→ **WHAT THE EXERCISE ASKS**: Make an exact copy of the listing, without images.

→ **SUPPLIED MATERIAL**:
+++
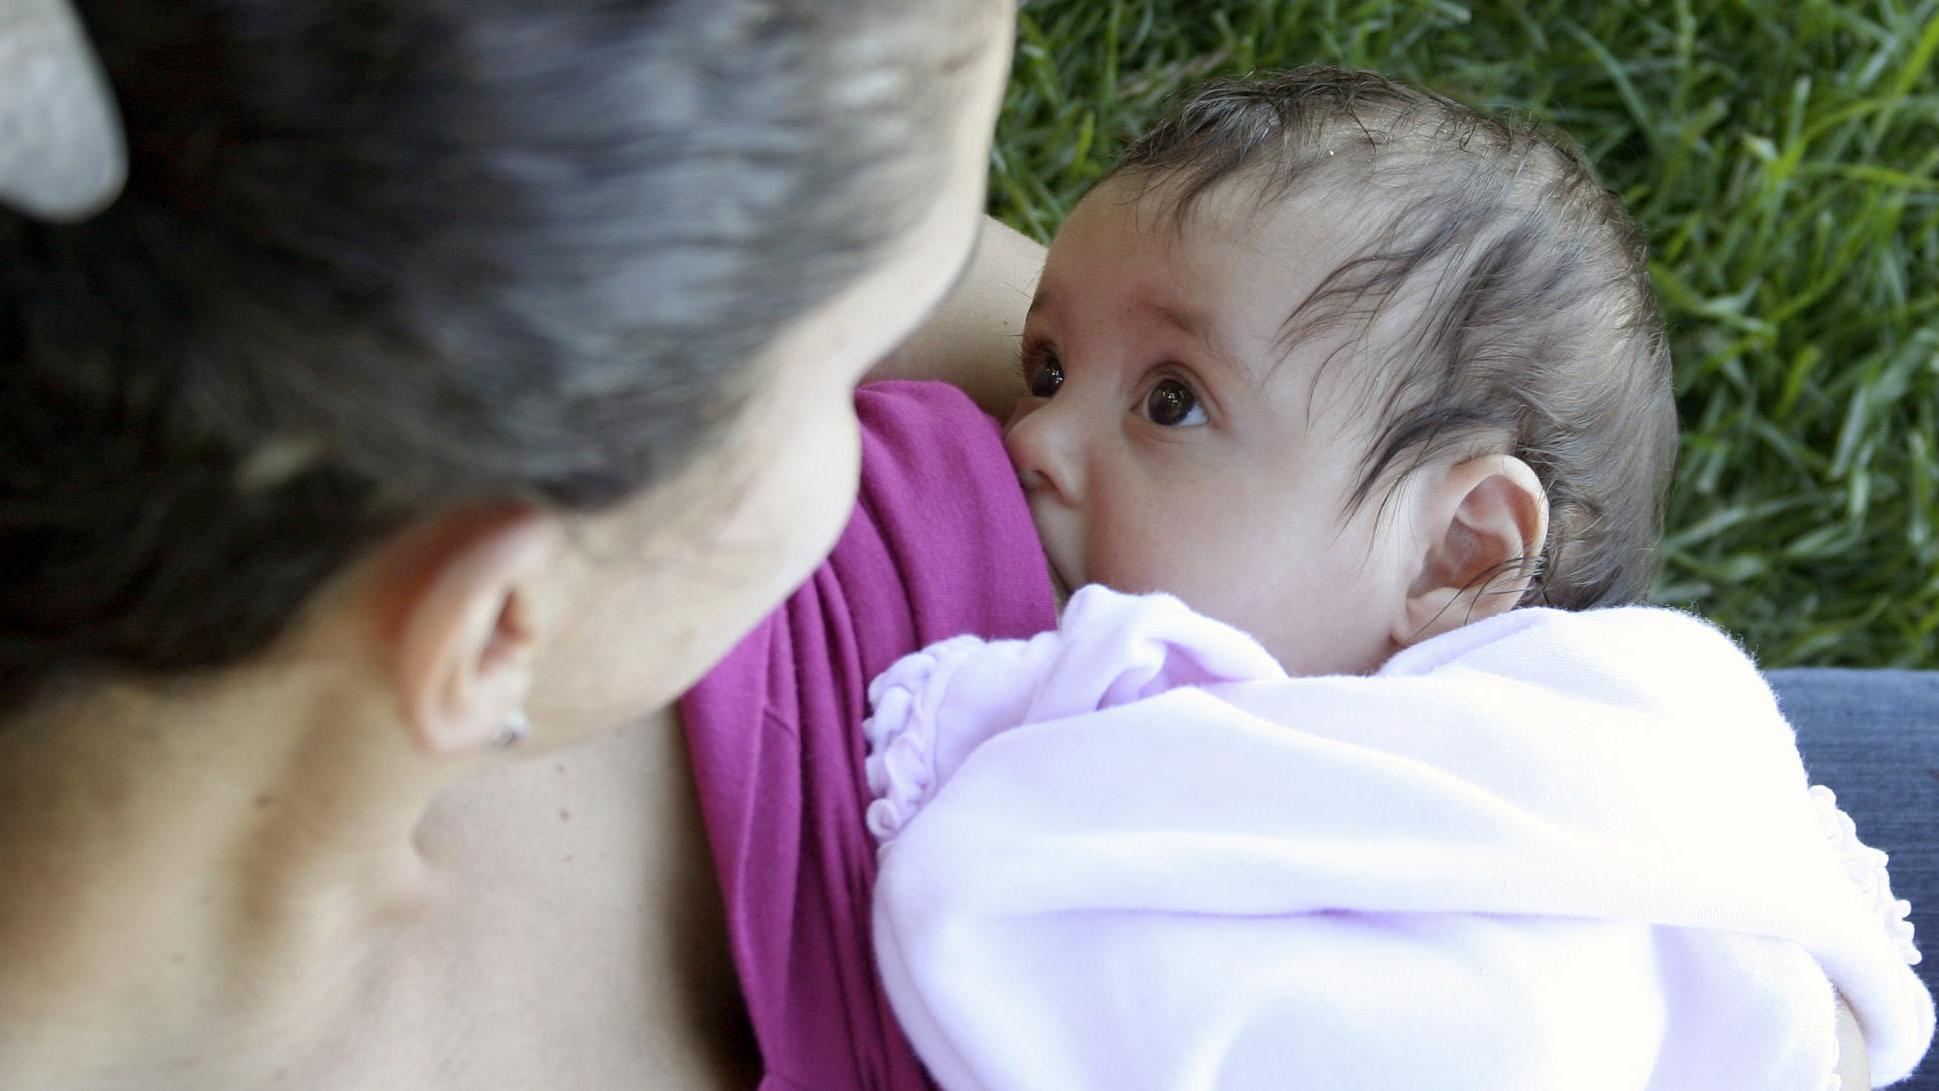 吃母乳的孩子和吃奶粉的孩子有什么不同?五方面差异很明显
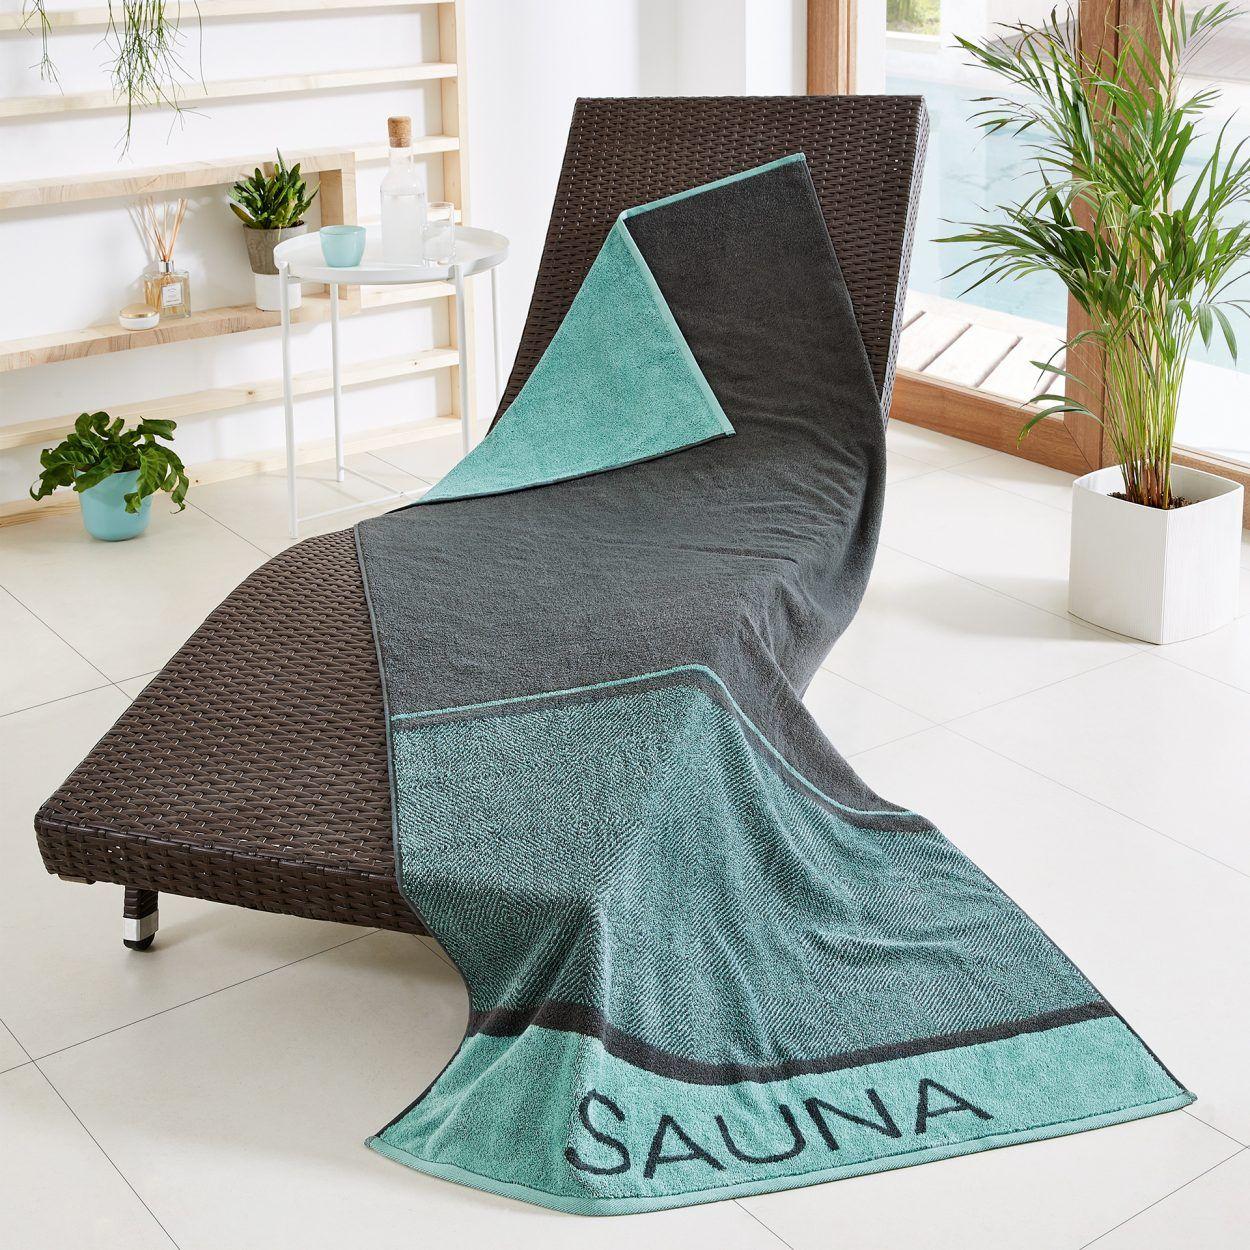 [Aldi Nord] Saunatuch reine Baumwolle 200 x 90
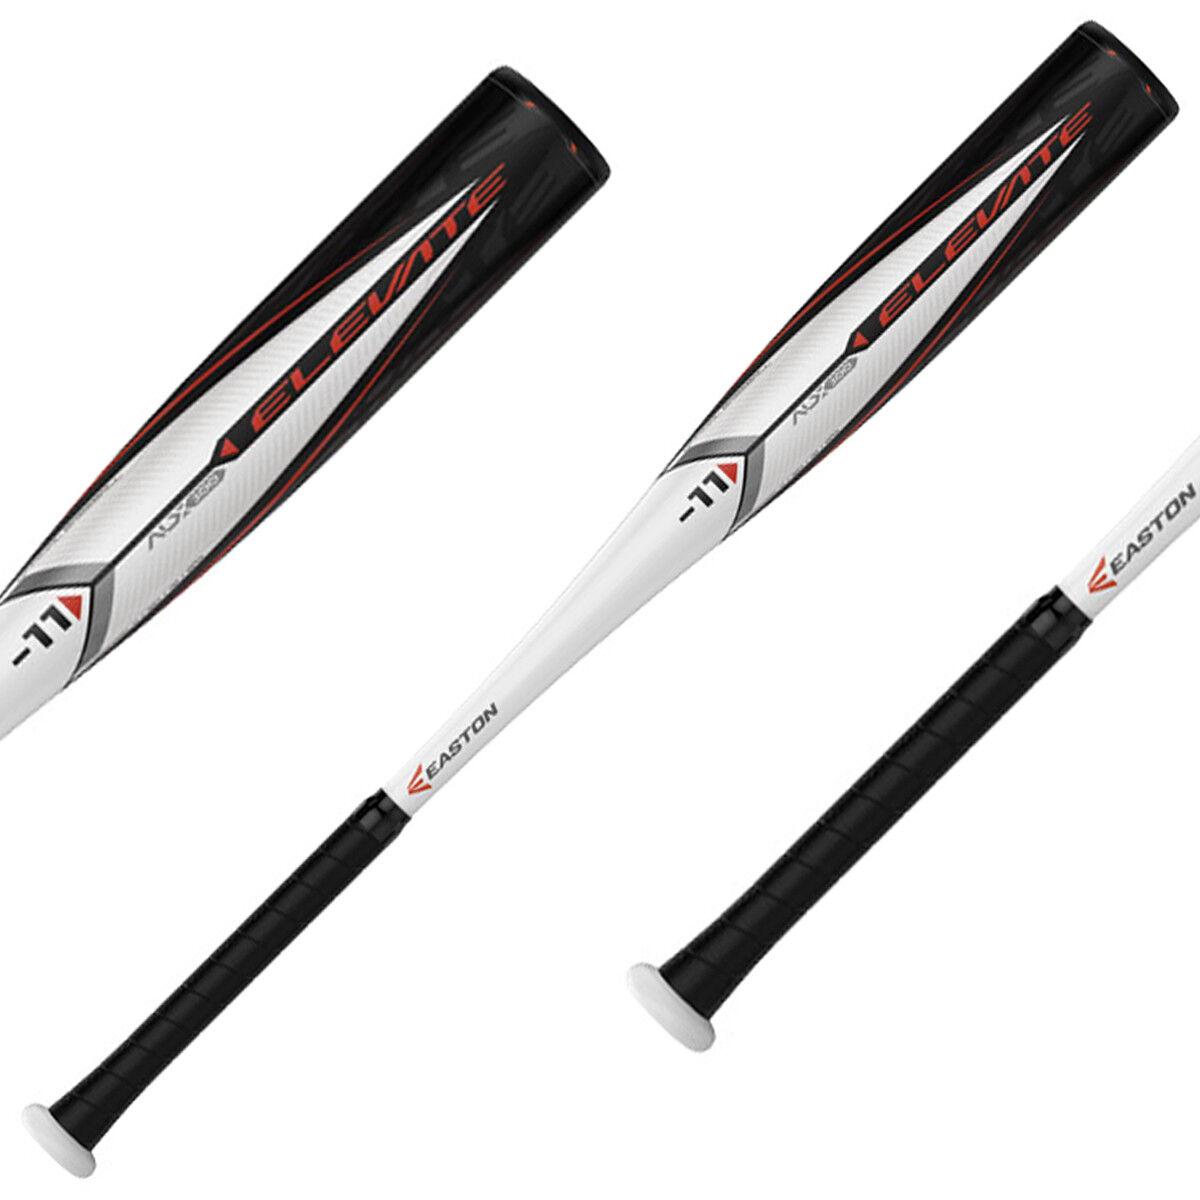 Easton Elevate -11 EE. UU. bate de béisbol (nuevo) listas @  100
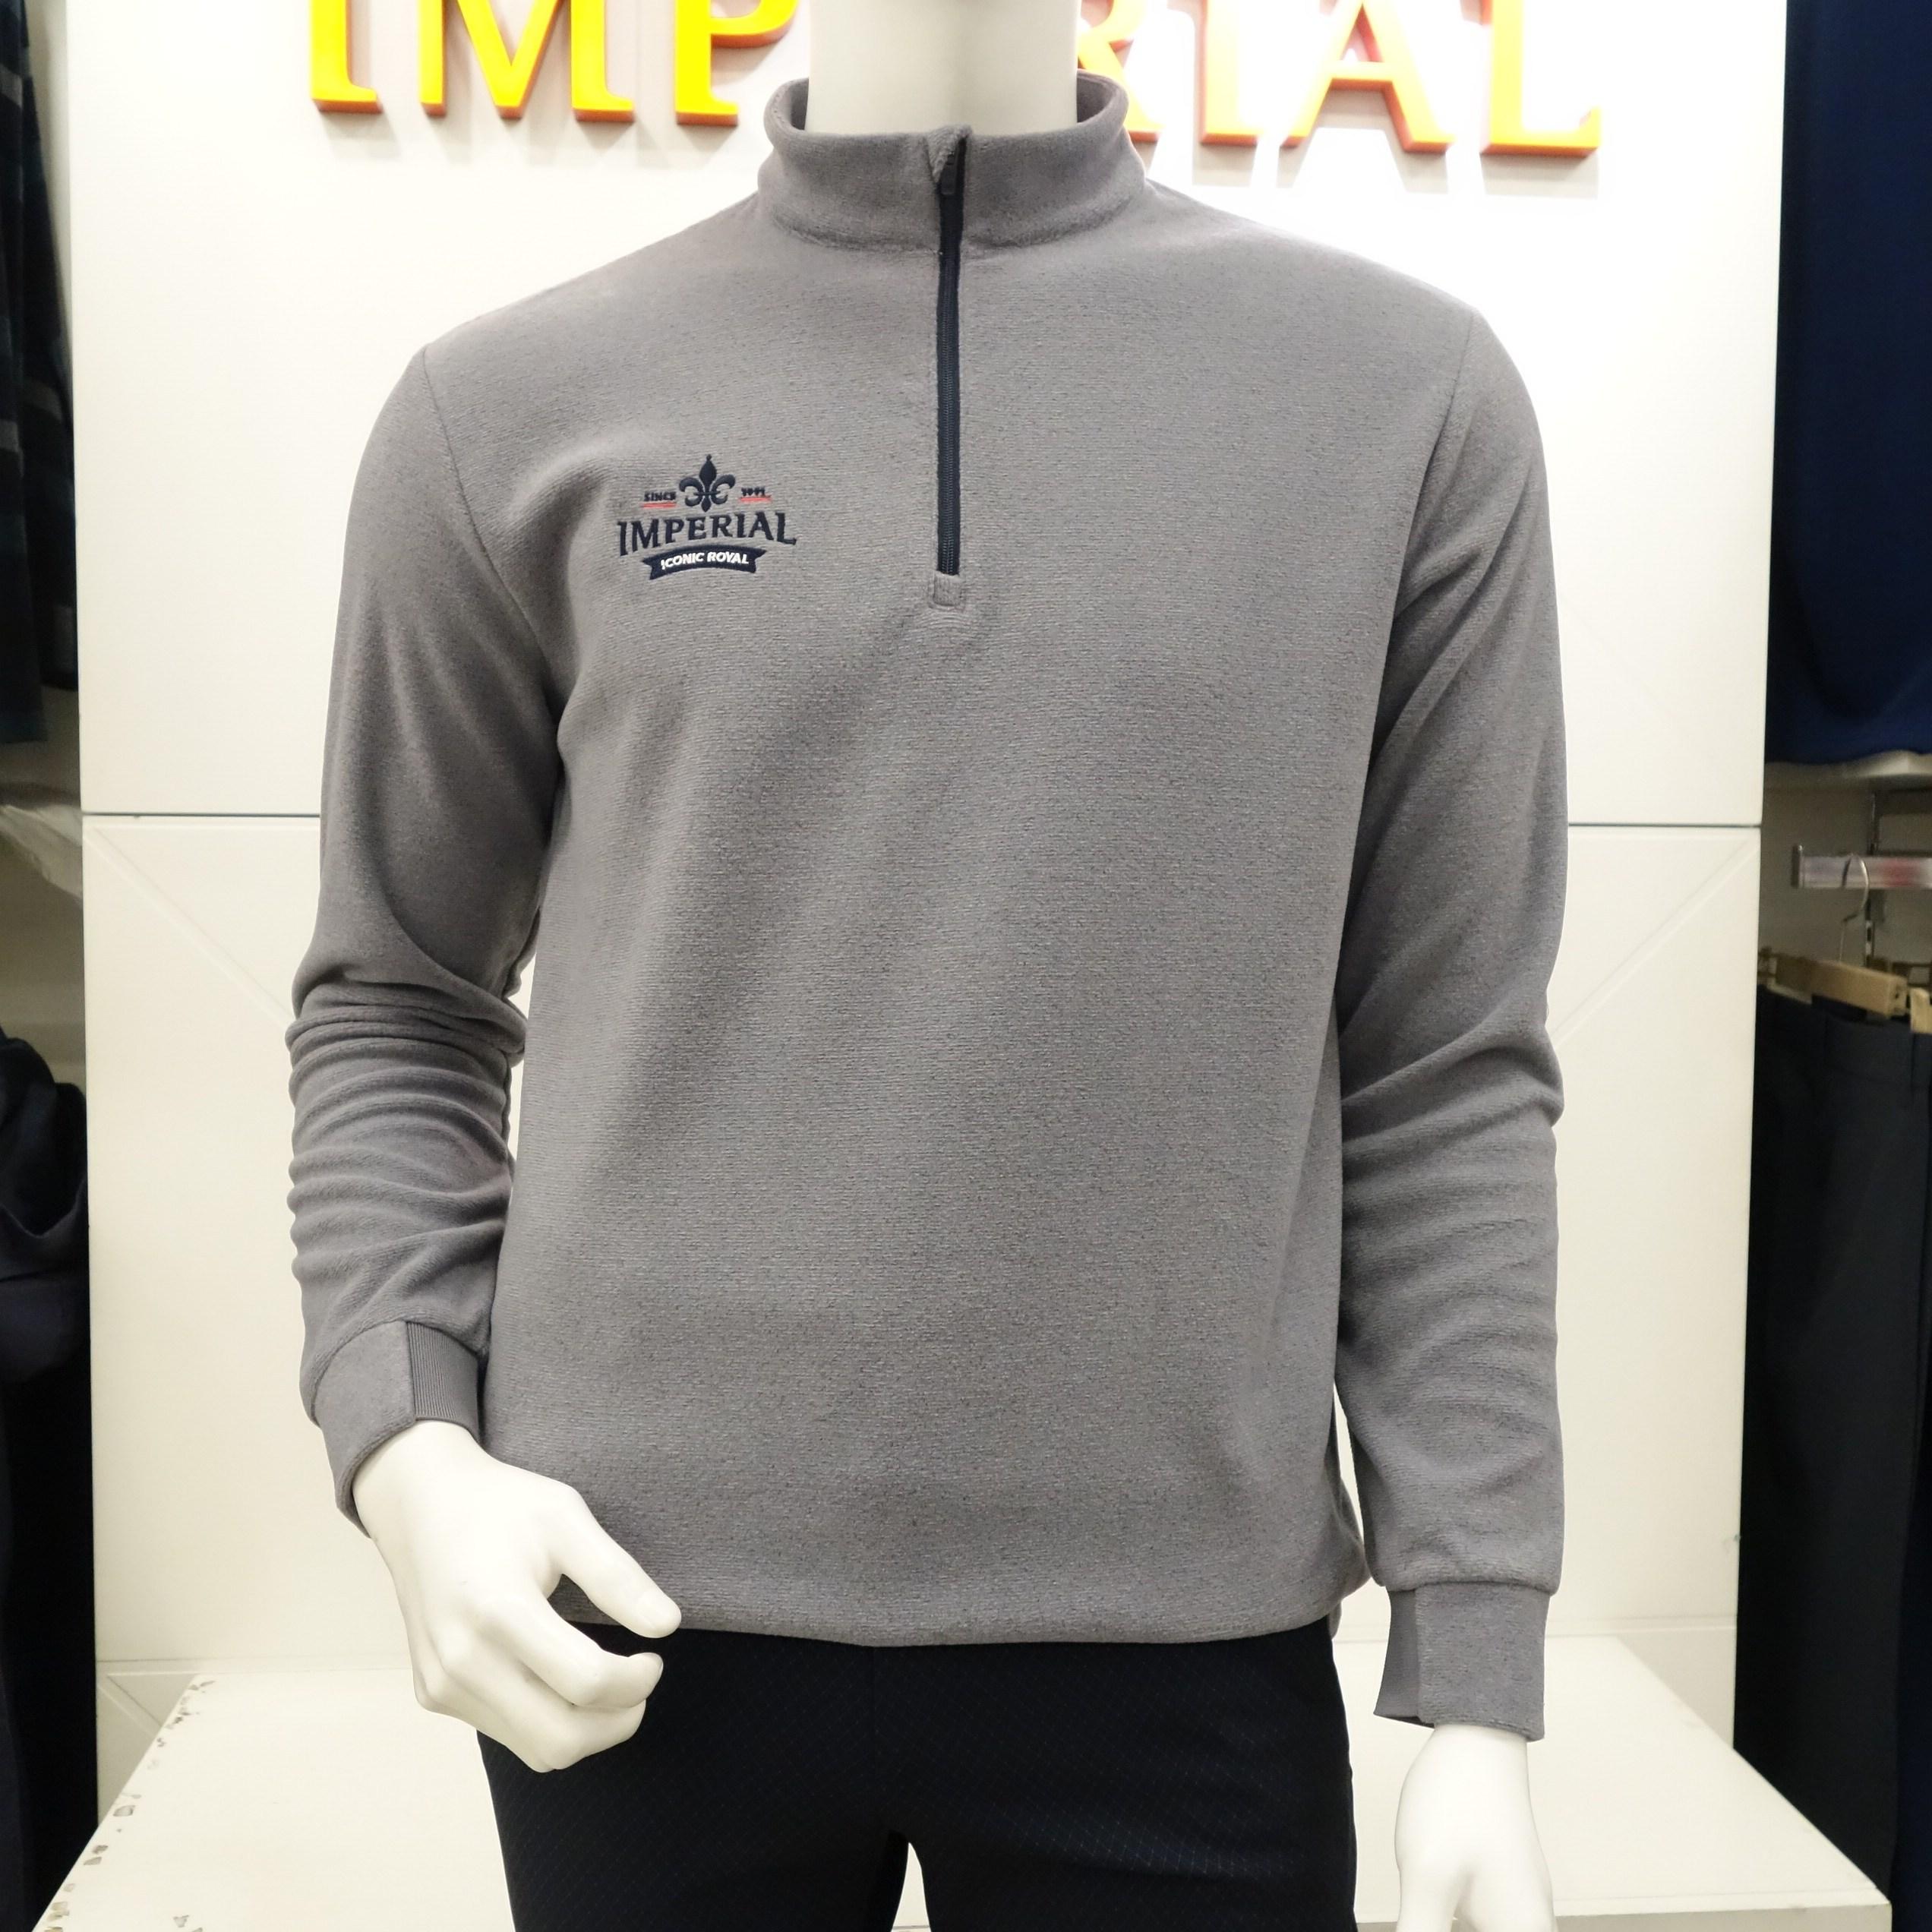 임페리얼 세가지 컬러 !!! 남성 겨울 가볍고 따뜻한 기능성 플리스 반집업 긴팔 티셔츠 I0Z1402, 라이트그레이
+++
→ **EXERCISE ANSWER**:
 吃母乳的孩子和吃奶粉的孩子有什么不同?五方面差异很明显
 [Aldi Nord] Saunatuch reine Baumwolle 200 x 90
 Easton Elevate -11 EE. UU. bate de béisbol (nuevo) listas @  100
 임페리얼 세가지 컬러 !!! 남성 겨울 가볍고 따뜻한 기능성 플리스 반집업 긴팔 티셔츠 I0Z1402, 라이트그레이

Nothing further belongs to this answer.